Anche il lavoro di Emilija Škarnulytė Aphotic Zone (2022) racconta del buio. Una doppia immersione sia nella vita dei bacini afotici di buio assoluto che nelle immagini video degli abissi specchiate mediante una pellicola lattico-riflettente posta come soffitto dello spazio. A questo punto della visita l’ibridazione tra gli spazi delle installazioni, tutti contrassegnati da un light box numerato, e quelli del complesso dell’ospedaletto è pressoché totale. Qualities of life (Living in the Radiant Cold) il lavoro endoscopico di James Richards, che compone una suite musicale in forma di site specific sound con l’animazione delle immagini di oggetti del contagio, trova la sua paradossale completezza proprio nel luogo della cura.
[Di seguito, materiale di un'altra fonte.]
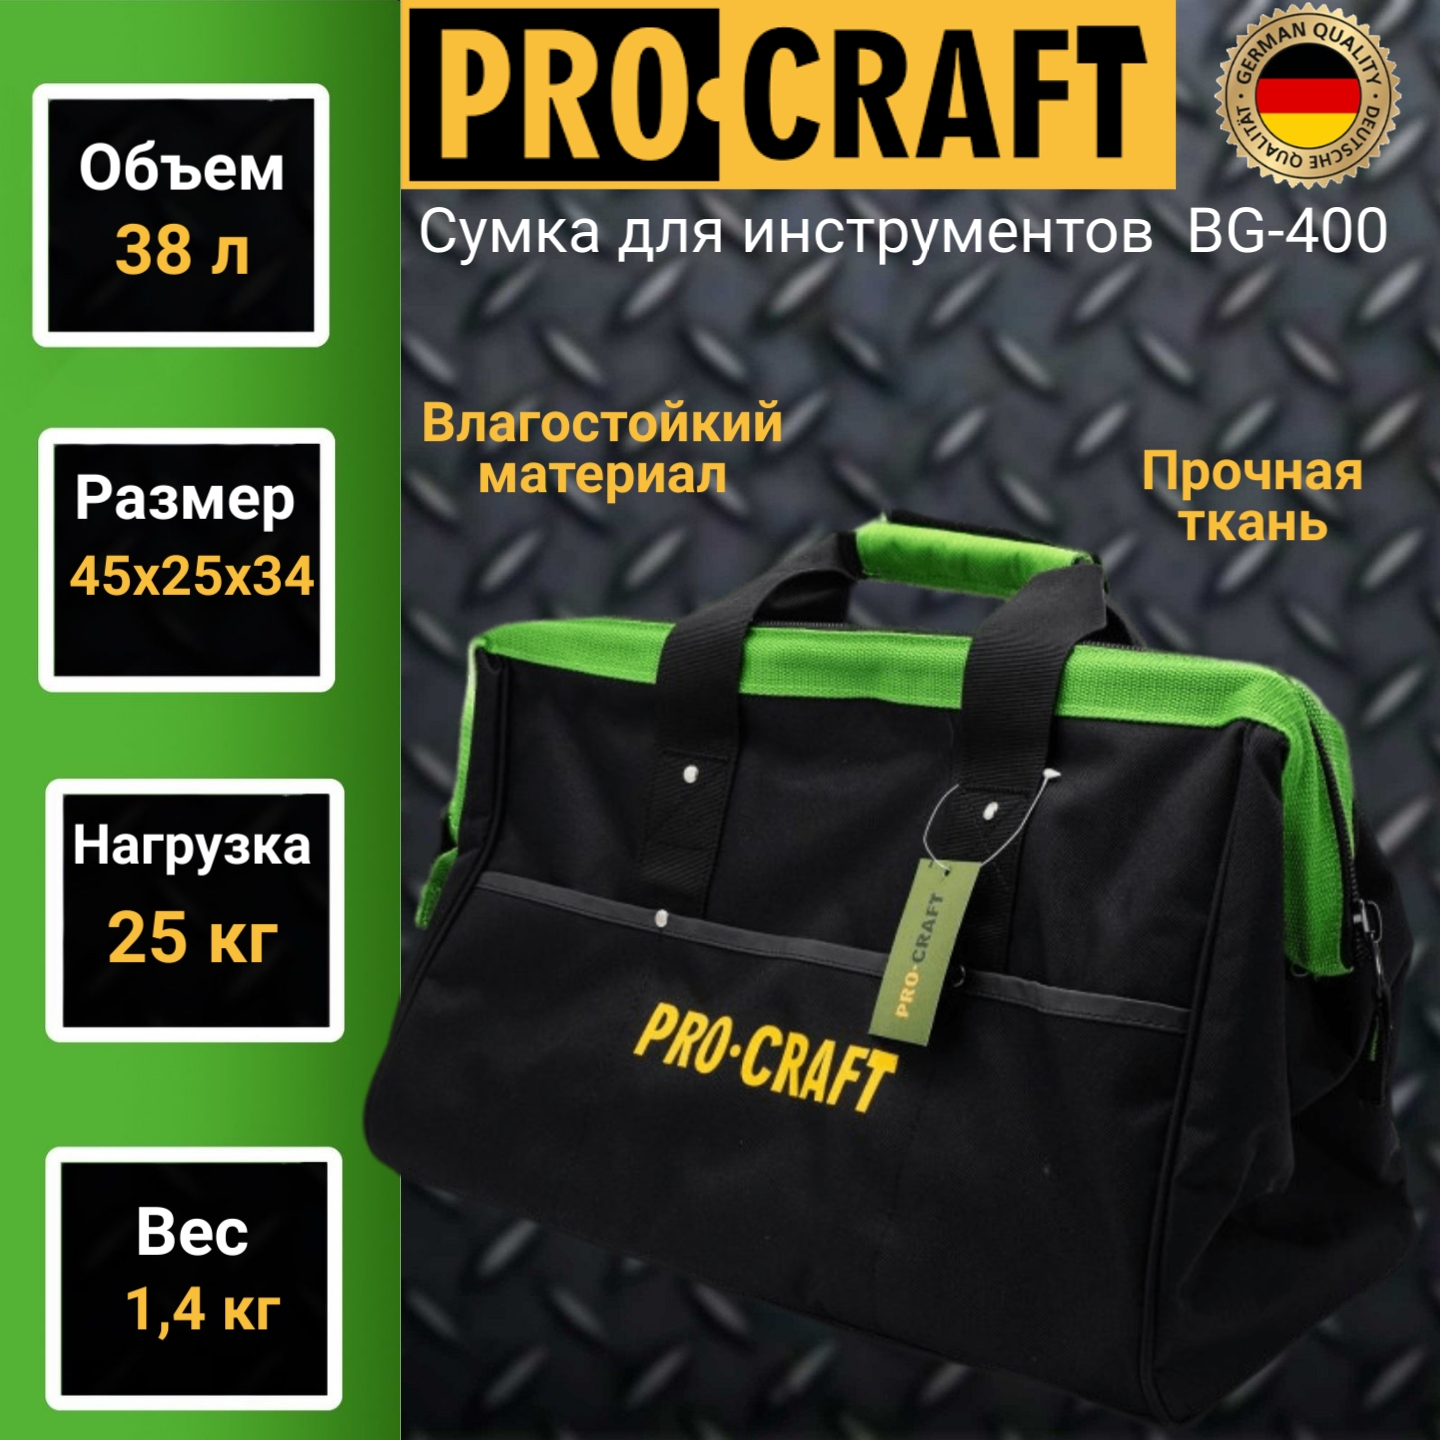 сумка для инструментов влагостойкая procraft bg 400 45x25x34 см до 25кг 38л Сумка для инструментов влагостойкая ProCraft BG-400, 45x25x34 см, до 25кг, 38л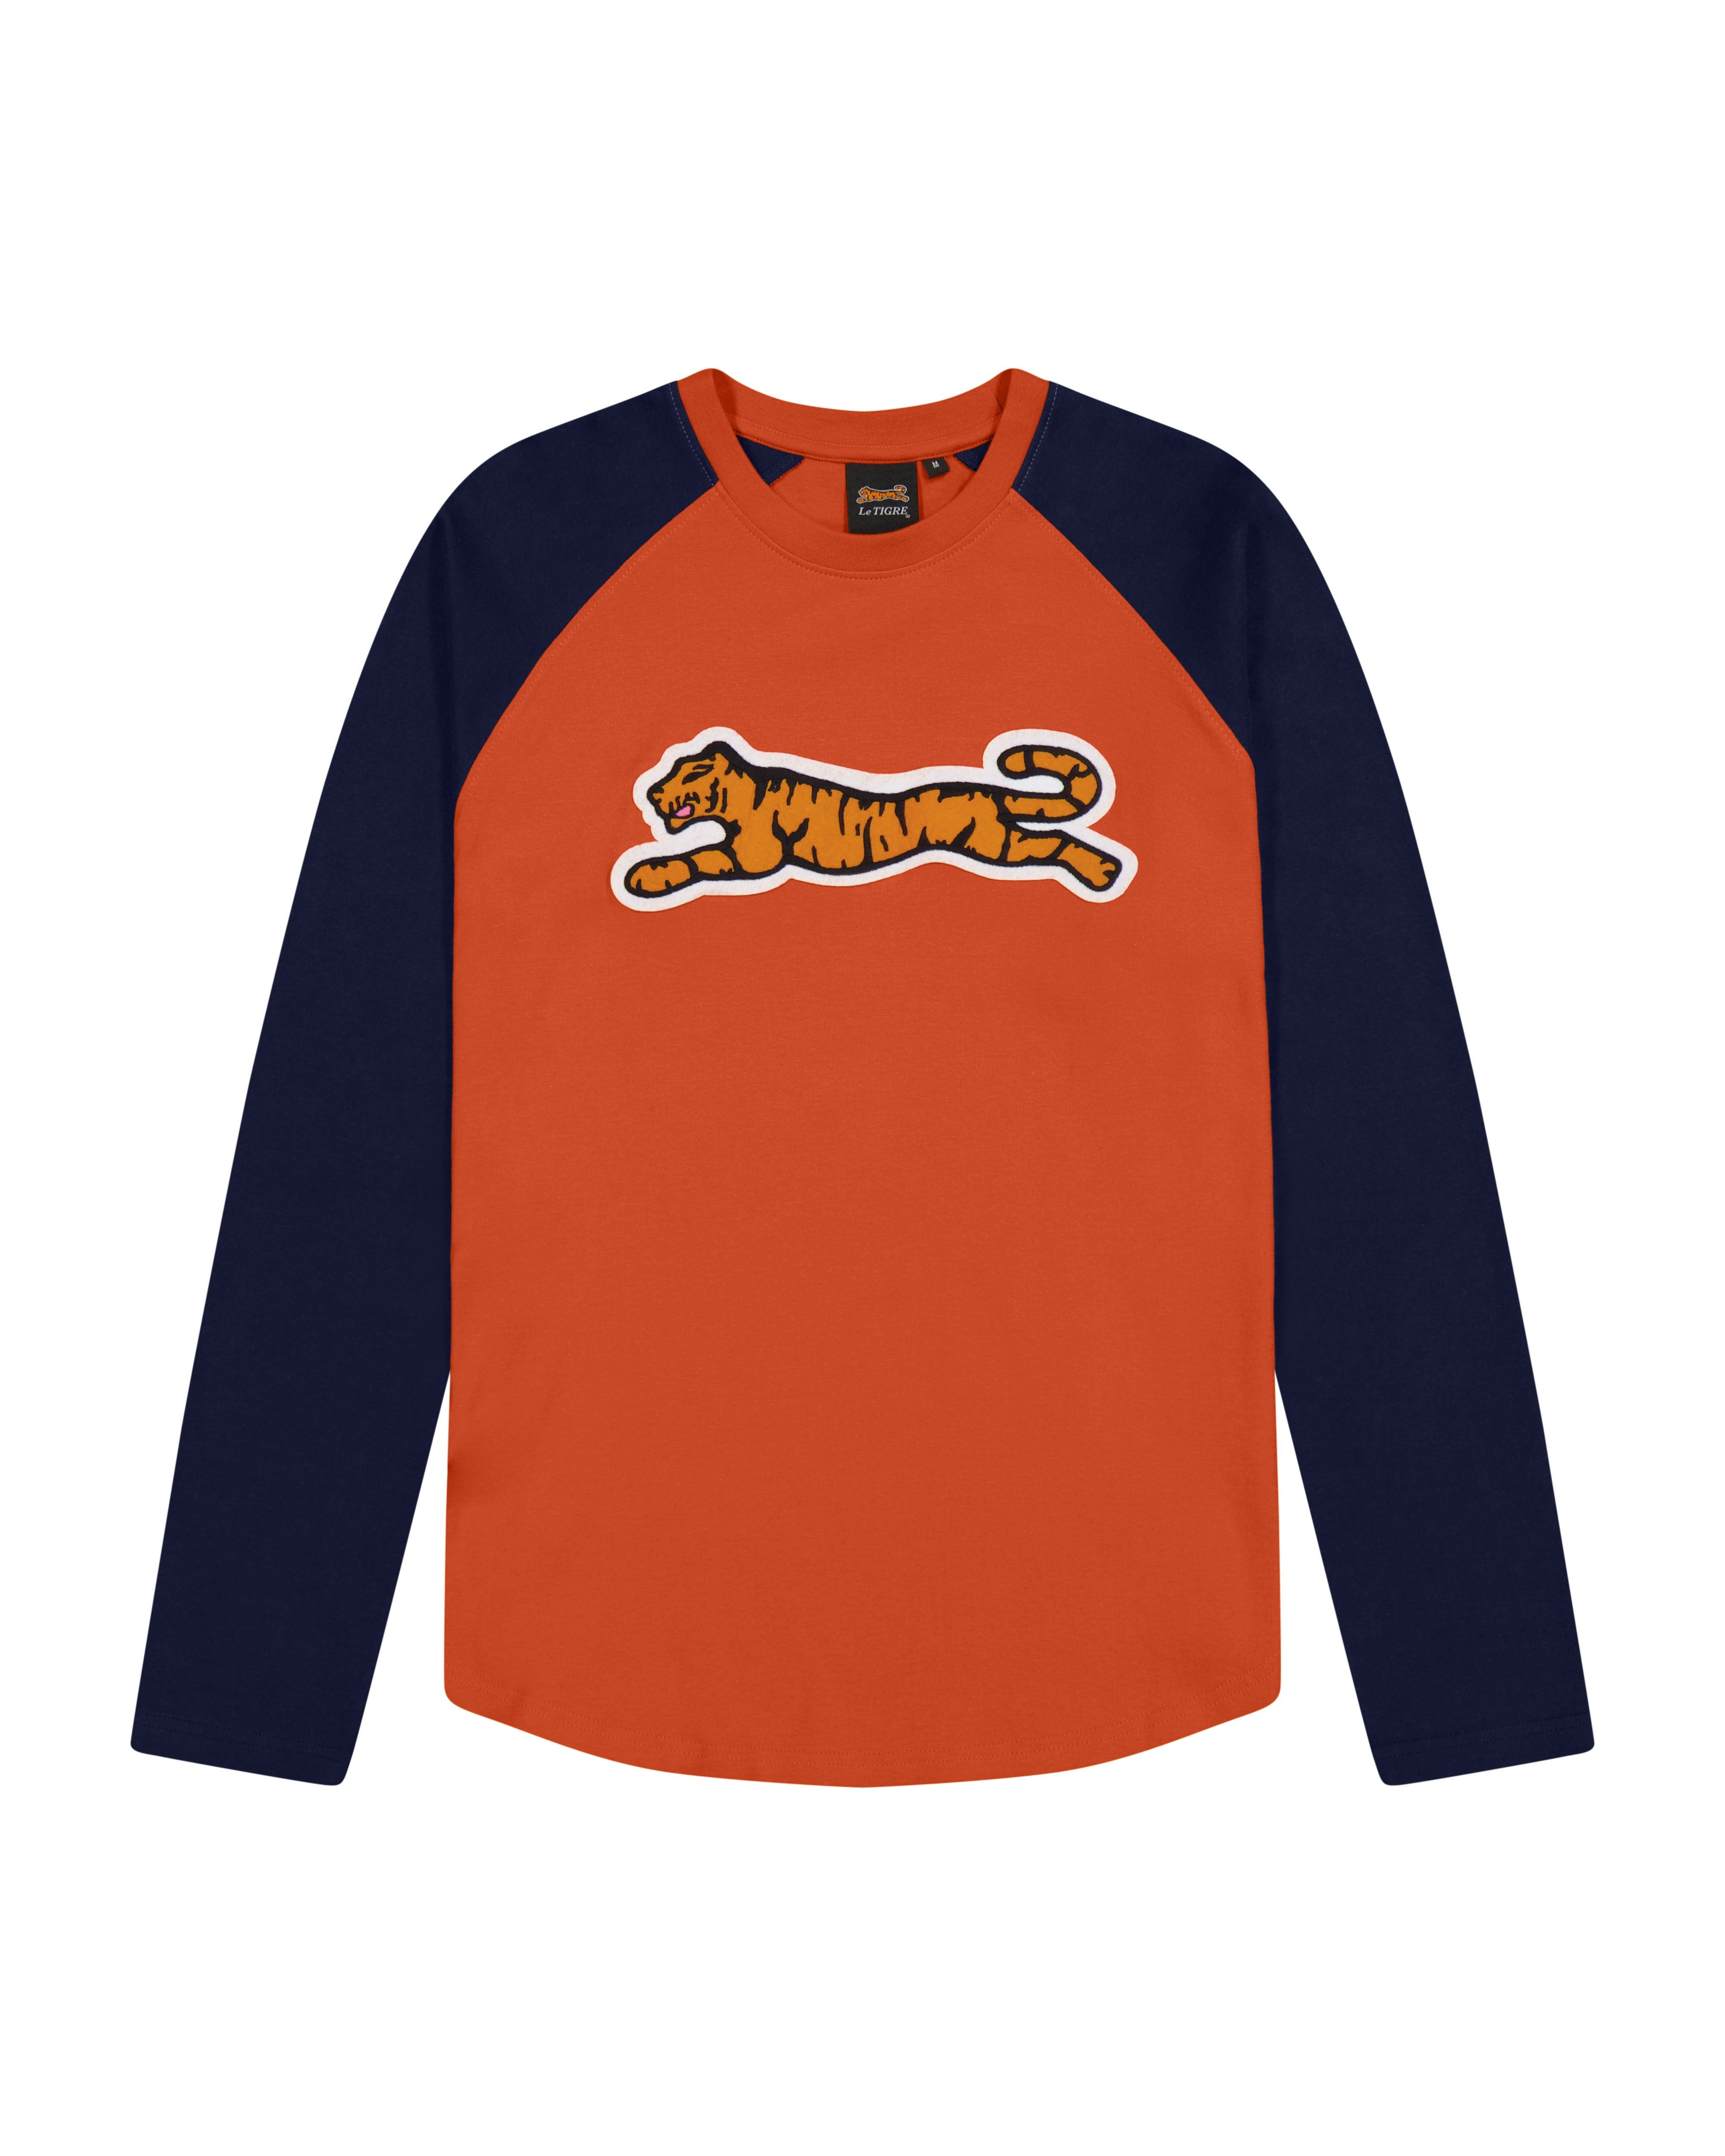 Kenzo Kenzo Tiger T-shirt Navy/Orange

Lo spazio, sia pubblico della protesta, come quello raccontato da Jonathas de Andrade in Olho da Rua (2022), che privato dell’isolamento infra COVID-19 degli student hotel berlinesi di House of Nations (2022) di He Xiangyu, sono filtrati dalla restituzione filmica del mondo. Il percorso di mostra si conclude una volta ancora nel buio, quello di Takbir (2022) lavoro di Aziz Hazara in cui le proteste notturne afgane rimandano a un’appropriazione collettiva dell’oscurità. Quello della città di Kabul, ma anche alle esperienze di allucinazione collettiva del cinema dentro e fuori i sui spazi canonici. Continui cinema fuori dal cinema, in cui si ripensano i confini del regime scopico contemporaneo, in cui si ridefiniscono i rapporti tra gli sguardi – quelli che spesso i protagonisti della mostra incrociano con gli spettatori – i mezzi e le immagini in movimento. Un’esperienza autogenerativa che – secondo il principio di immedesimazione e confusione della percezione delle cose – va dalle sensazioni di chi esce dal cinema e sente ancora il sopore del buio, verso il sogno, sino a completare la rappresentazione.